An SCS issuer should specify and disclose that every one the holders of its SCS would have a direct authorized proper to redeem the SCS for the pegged forex at par worth (or some other currencies of equal worth), and that redemption requests may be made at any time with the SCS issuer. Any situations that the SCS issuer needs to impose for redemptions, corresponding to charges and minimal redemption quantity, have to be cheap. Such situations should even be clearly disclosed on the SCS issuer’s company web site and some other communication channels with the general public relating to the SCS. An SCS issuer ought to return the par worth of the SCS to the SCS holder inside 5 enterprise days from receiving a authentic redemption request.
5. No Multi-jurisdictional Issuance
Following the general public session, the MAS has determined that it will not permit multi-jurisdictional issuance for stablecoins regulated below the brand new framework. SCS issuers can be required to problem solely out of Singapore if their SCS is to be recognised as a “MAS-regulated stablecoin”.
Apart from these necessities, the MAS will additional amend the PS Act to empower it to oversee stablecoin preparations. These embody: (i) the ability to gather data on stablecoin preparations from related individuals in Singapore, corresponding to SCS intermediaries and validators of transactions; and (ii) bringing “systemic” stablecoin preparations (i.e., stablecoins that are deemed important sufficient such that disruptions to the preparations may disrupt or have an effect on public confidence in Singapore’s monetary system) throughout the scope of the PS Act’s designated cost system framework.
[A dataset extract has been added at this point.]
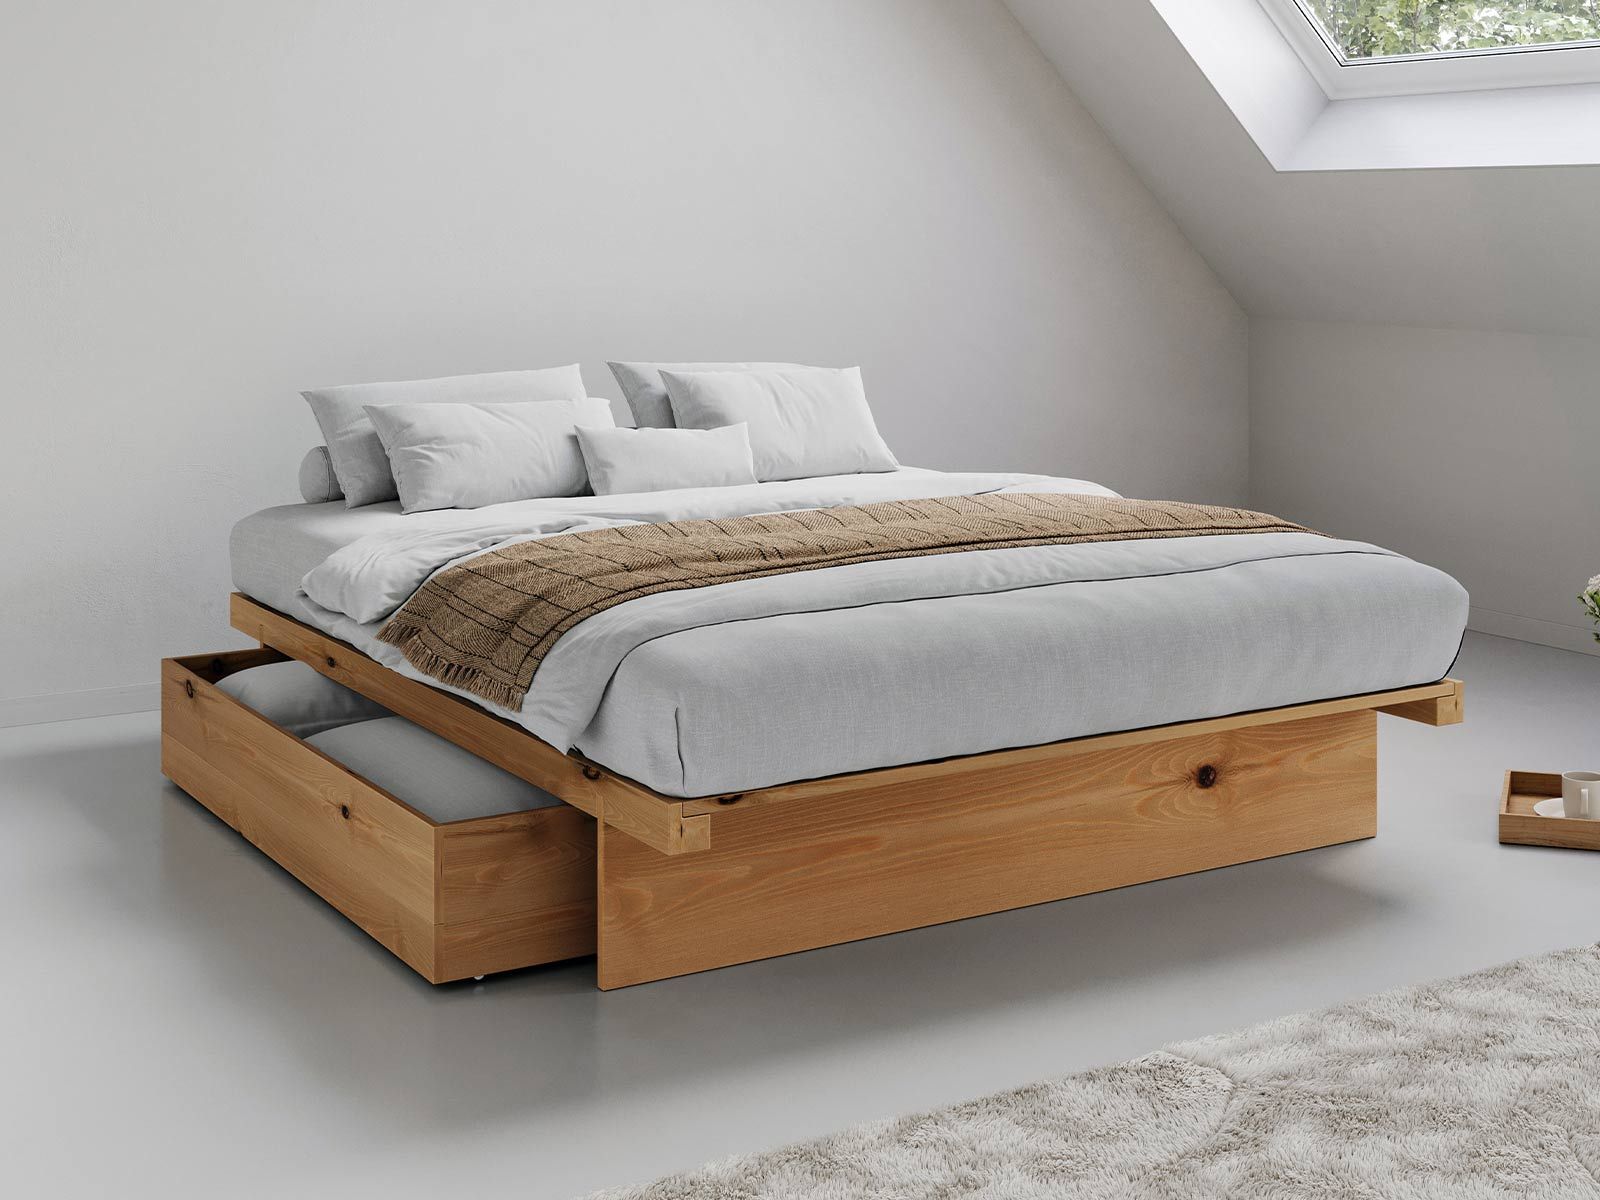 Bố trí giường ngủ có ngăn kéo gọn gàng, tận dụng tối đa không gian dưới gầm giường

Stakeholders ought to take into account the necessities of the brand new stablecoin framework and the potential influence on operations in Singapore.
The MAS has famous beforehand that additional particulars on the regulatory necessities, legislative amendments, and transitional preparations shall be individually revealed for session after it has finalised the regulatory method to stablecoins.
Latham & Watkins will proceed to analyse and report on the brand new stablecoin regulatory framework.
 The G10 currencies are the Australian greenback, British pound sterling, Canadian greenback, euro, Japanese yen, New Zealand greenback, Norwegian krone, Swedish krona, Swiss franc and the US greenback.